Twitter has officially ended support for third-party apps

As of yesterday, it is officially official that Twitter has banned third-party apps from its services, as they company is no longer supporting them.

Twitter recently and quietly updated its developer agreement which pretty much says app developers are no longer allowed to make separate and dedicated apps and clients for Twitter.

Its “restricted” section was also updated with a clause that bans the “use or access the Licensed Materials to create or attempt to create a substitute or similar service or product to the Twitter Applications.”

Twitter did acknowledge these apps not working in a tweet made by its Twitter Dev account, citing its “long-standing API rules.”


At the end of the day, what it means is apps like Tweetbot, Twitterrific, and many others for iOS and Android are no longer allowed to be used for Twitter, rendering them useless.

Tapbots, the developers of Tweetbot, have recently updated the official Tweetbot page on its website that does talk about the end and demise of its app.

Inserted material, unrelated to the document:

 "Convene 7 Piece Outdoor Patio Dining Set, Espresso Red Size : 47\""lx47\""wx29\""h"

Their plan now is to work on their Mastodon app client called “Ivory.”

Tapbots also created an image (seen below), showing off the now “dead” Tweetbot app, with the presumed avatar of its upcoming Mastodon client paying tribute to it from its grave.

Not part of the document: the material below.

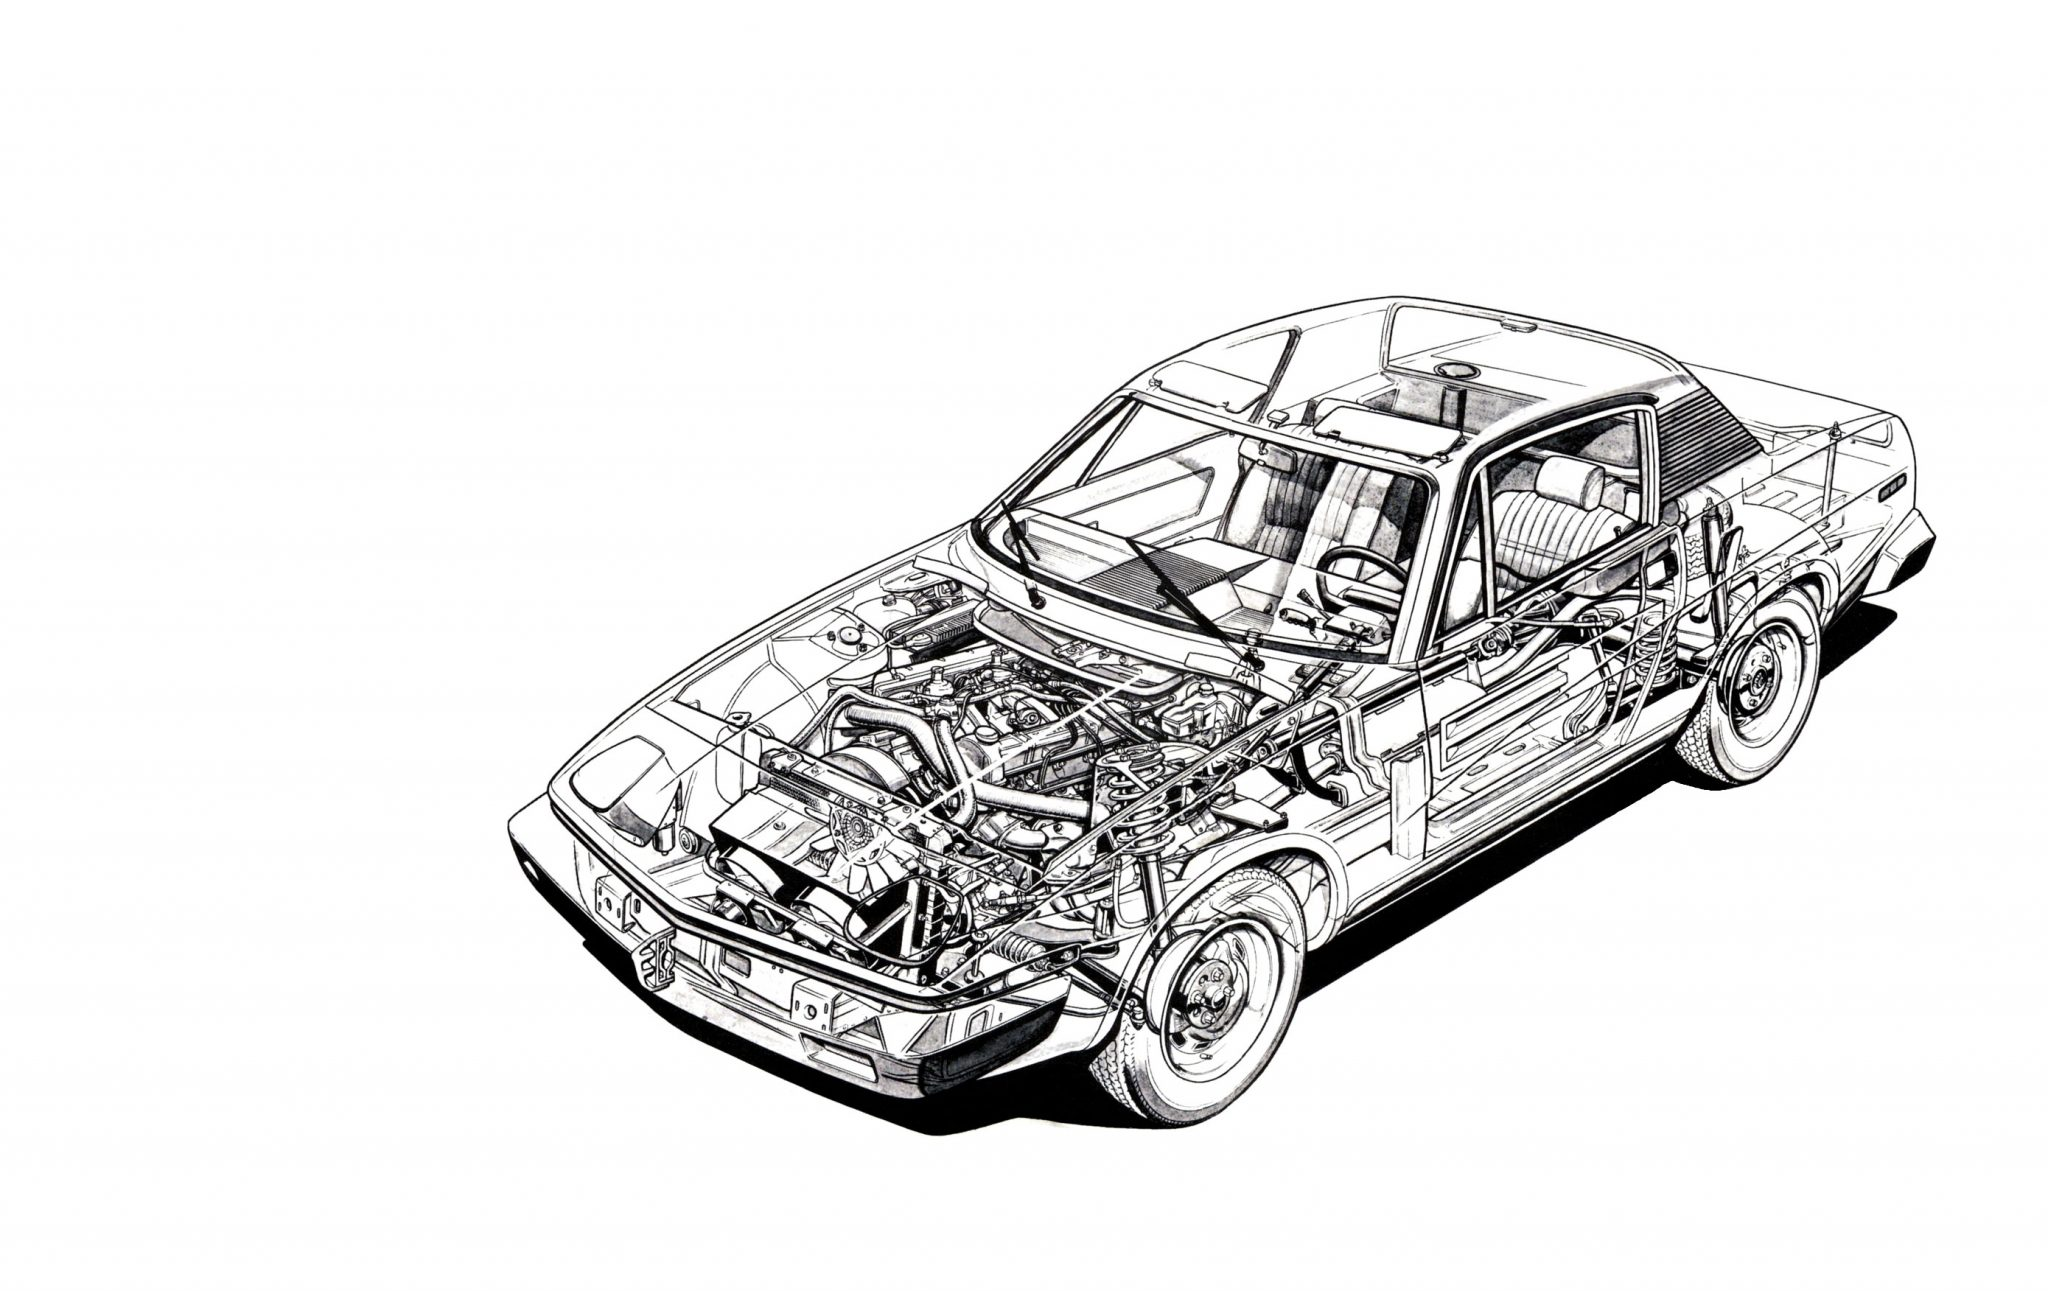 Triumph Tr7 Cutaway Wallpaper

Twitterrific has updated its website to note the changes of its client and note the end of that app too.

Reasons for why some Twitter users prefer to use these third-party apps are because of features like not seeing any of the sponsored tweets, a better-looking or designed app, a chronological timeline that Twitter did not have until the end of 2022, and other reasons. Of course, with the Twitter API guidelines, there were still rules each app had to follow and that some of the features that were in the Twitter app were not always available in the third-party apps.

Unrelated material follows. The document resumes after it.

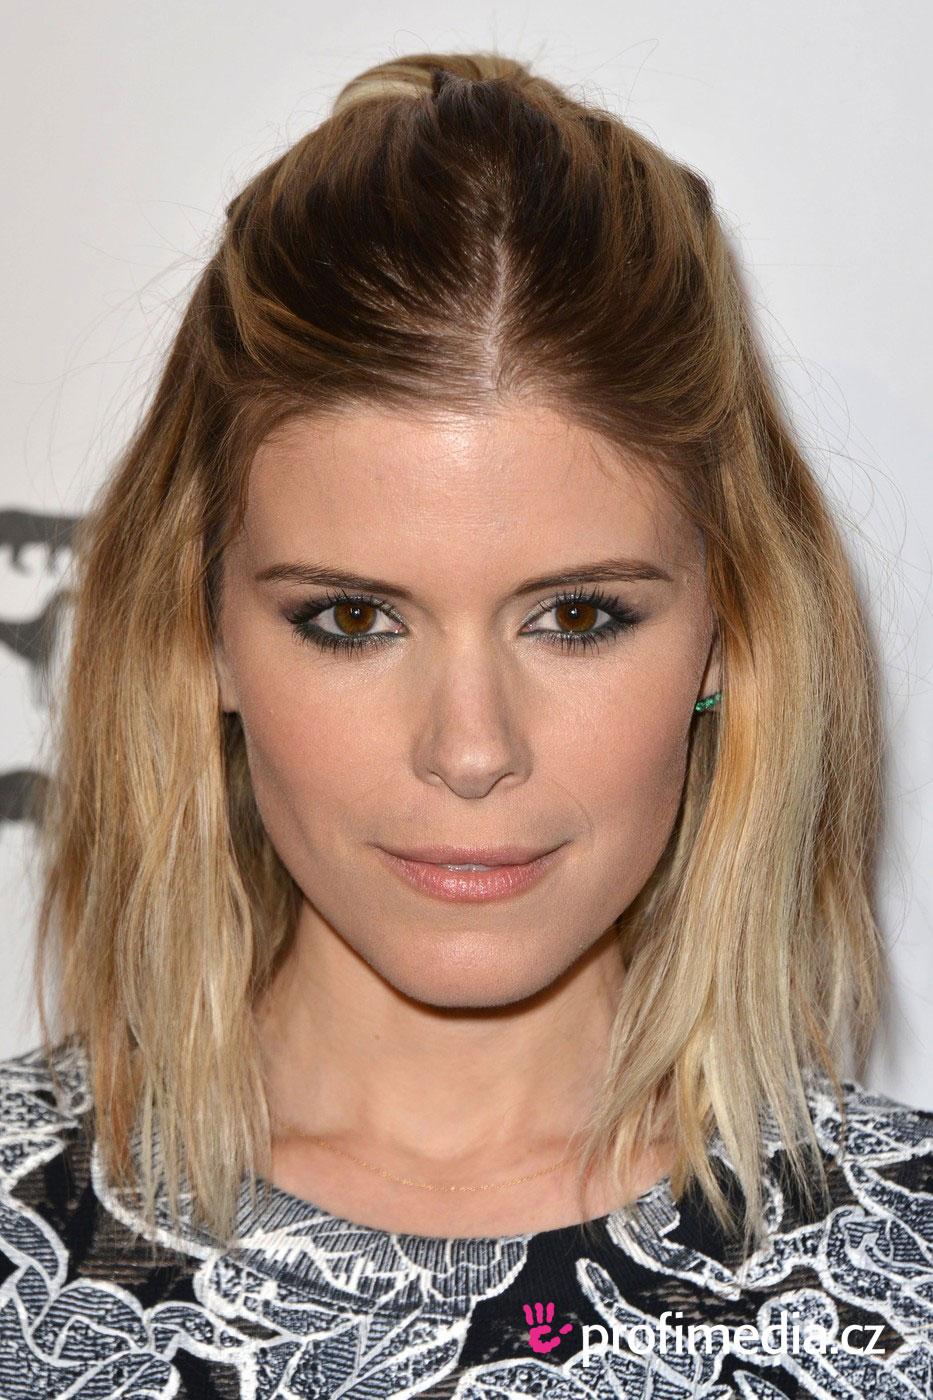 Kate Mara Hairstyle Easyhairstyler

However, developers of these apps have noted issues with how all of this has played out in the past week. Specifically, the fact there was no spoken warning from the company itself.

Matteo Villa, the developer of Fenix, spoke with EEngadget to tell his thoughts on it.

“It’s not totally unexpected, but the lack of communication is a bit insulting,” he said.

Sean Heber from Twitterrific mentioned the gap of communications in a blog post about the end of the app.

“We are sorry to say that the app’s sudden and undignified demise is due to an unannounced and undocumented policy change by an increasingly capricious Twitter – a Twitter that we no longer recognize as trustworthy nor want to work with any longer,” he said.

For now, the only third-party Twitter app that seems to be working is Fenix for iOS. However, once that is eventually cut off from the Twitter API, the only ways to access Twitter  on the iPhone, iPad, and Mac will be through the official Twitter app or TweetDeck.

What are your thoughts on the end of third-party apps on Twitter? Comment below or let us know on Twitter at @appleosophy.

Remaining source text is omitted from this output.